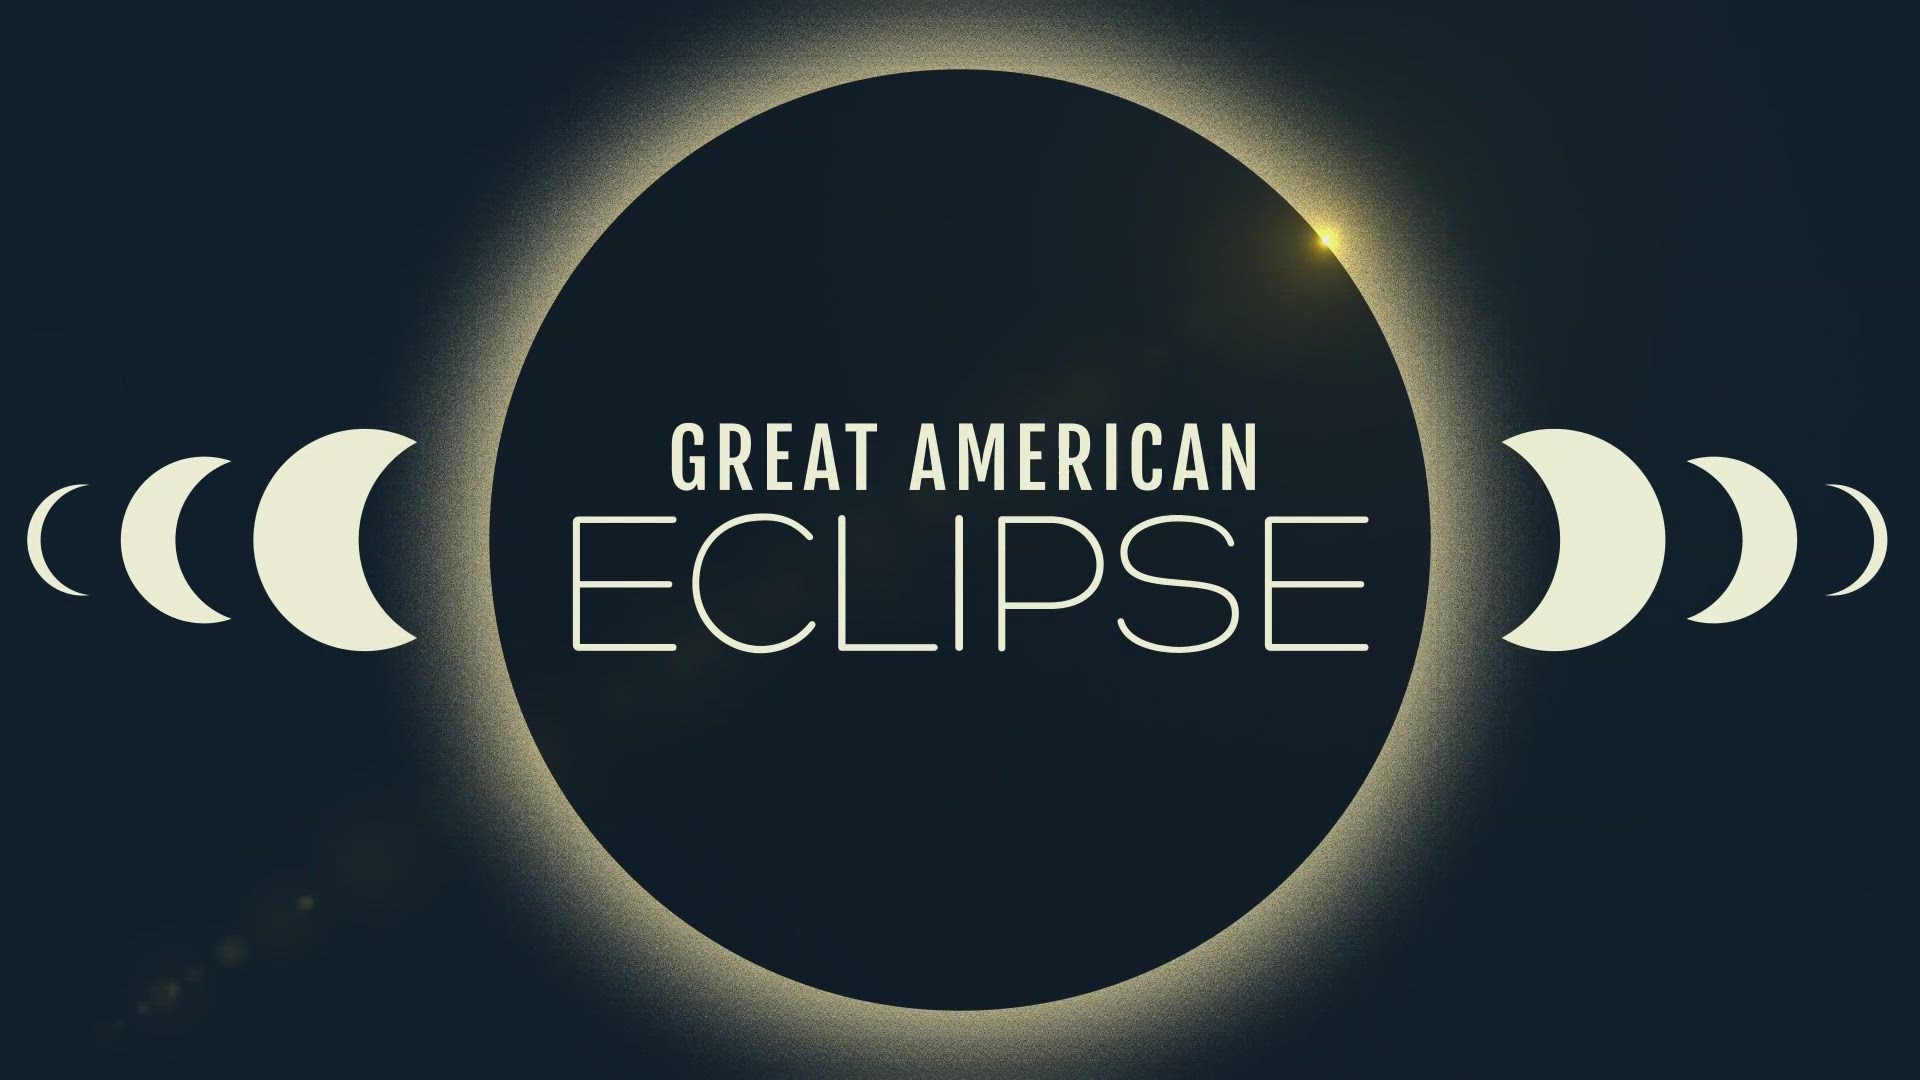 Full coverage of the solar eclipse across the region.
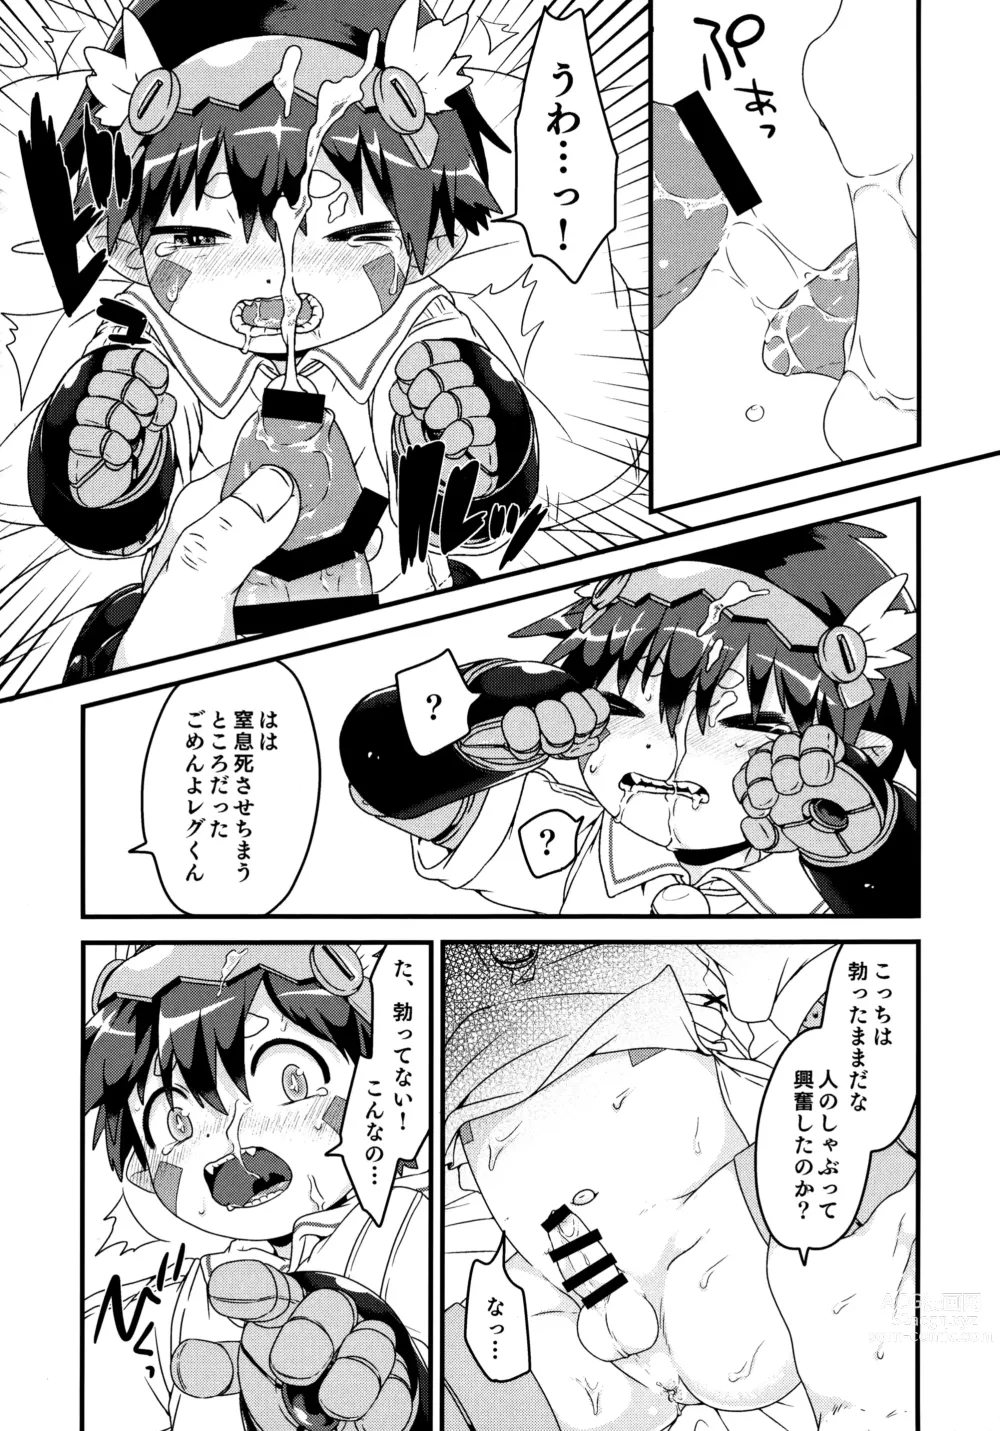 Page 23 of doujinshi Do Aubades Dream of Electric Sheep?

* * *

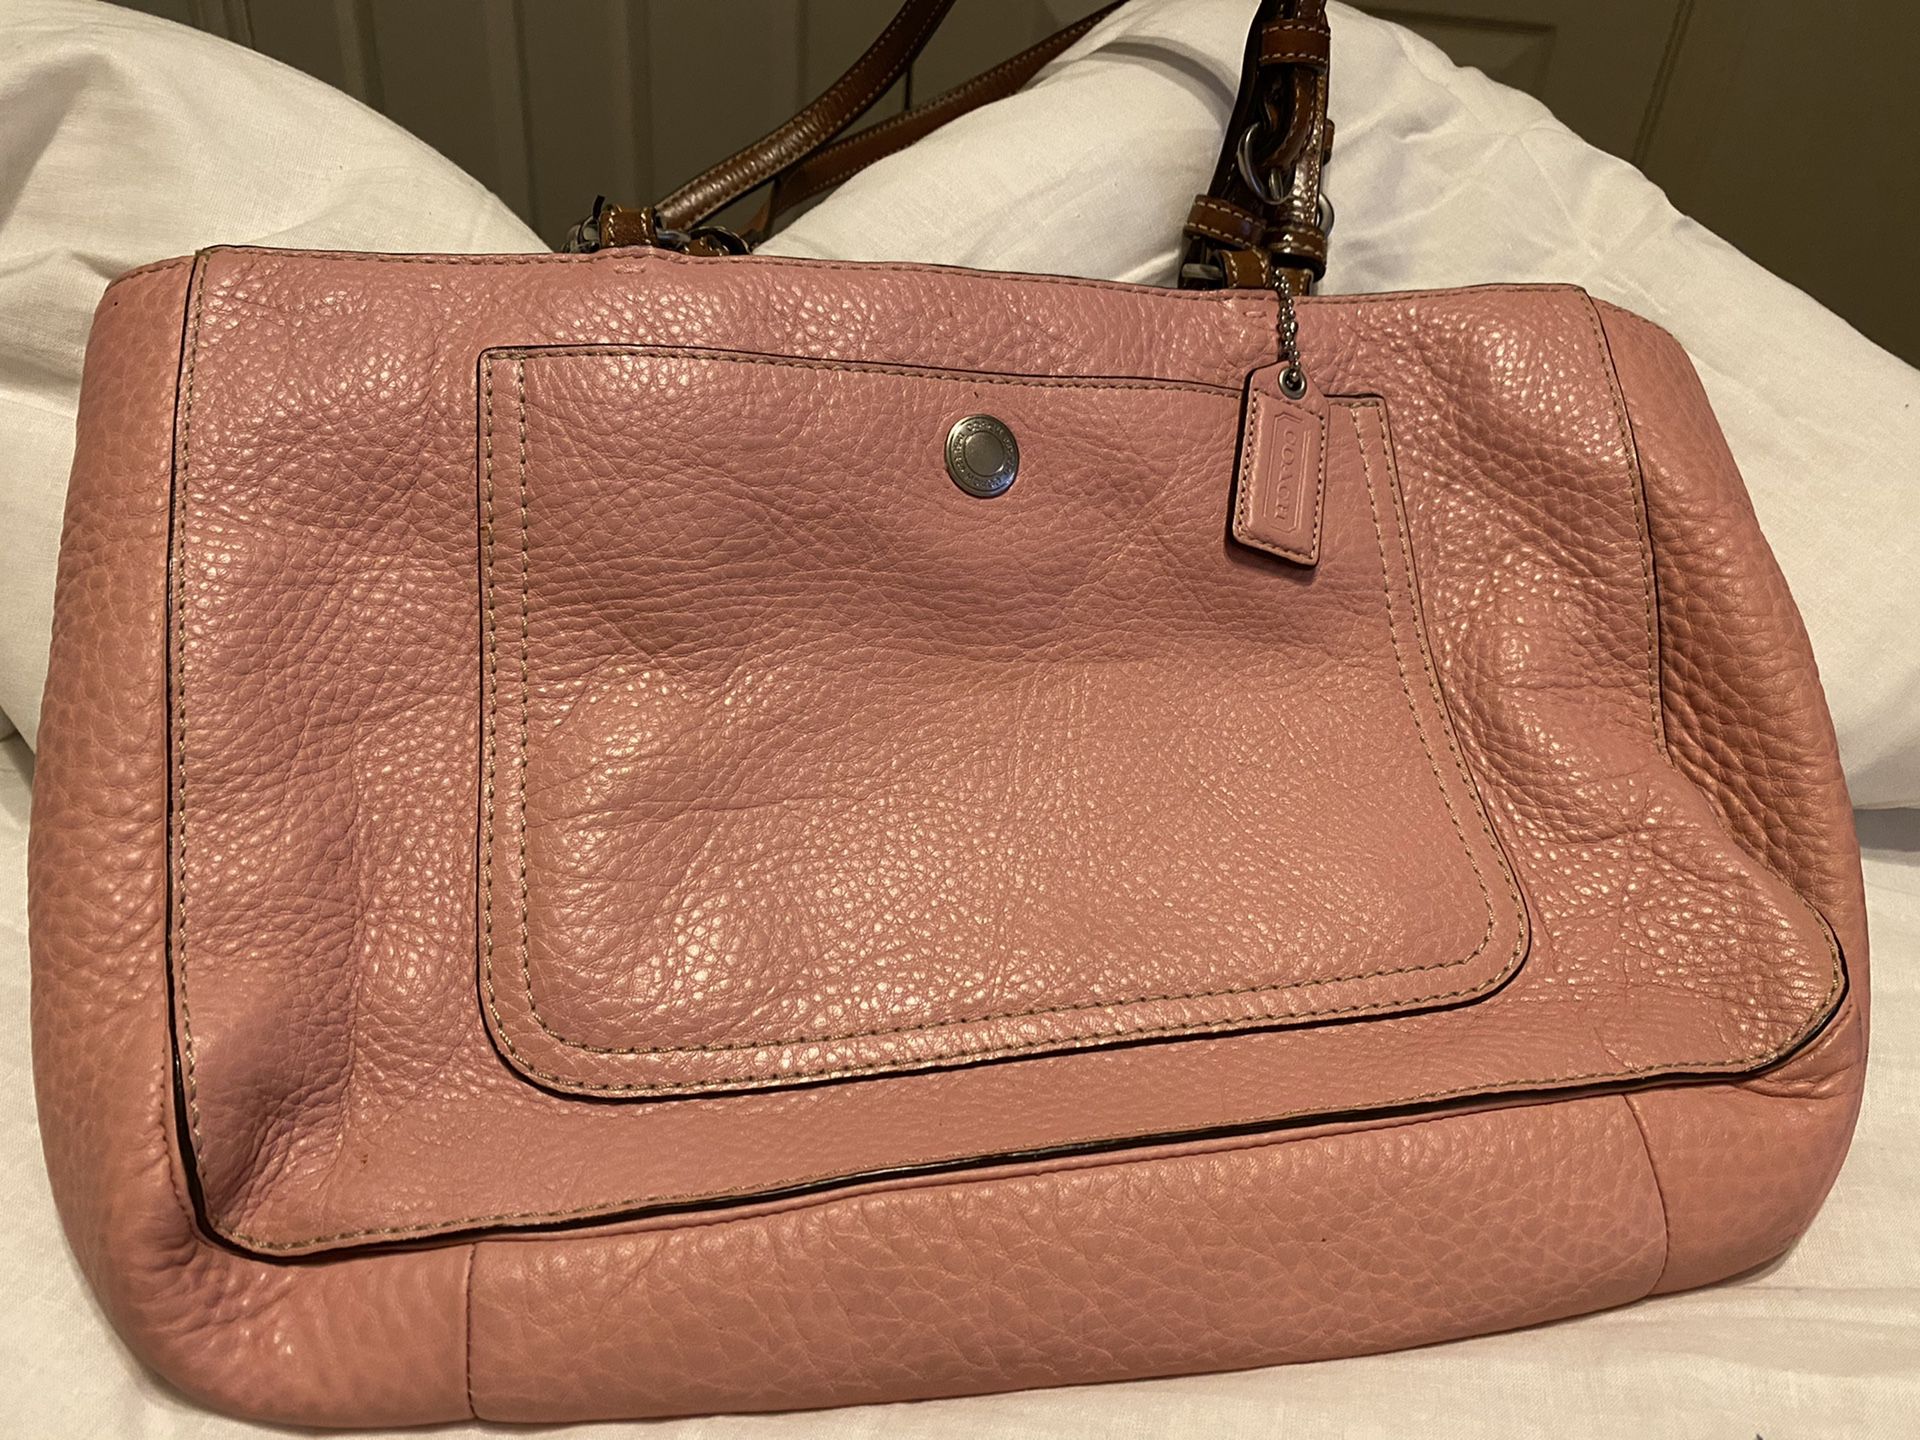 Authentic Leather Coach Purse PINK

**Work to complete:** Using the data above, copy exactly the lines from the one containing "Full coverage of" to the one containing "Page 23 of doujinshi", inclusive. Exclude the pictures.

**Result of the exercise:**
 Full coverage of the solar eclipse across the region.
 Page 23 of doujinshi Do Aubades Dream of Electric Sheep?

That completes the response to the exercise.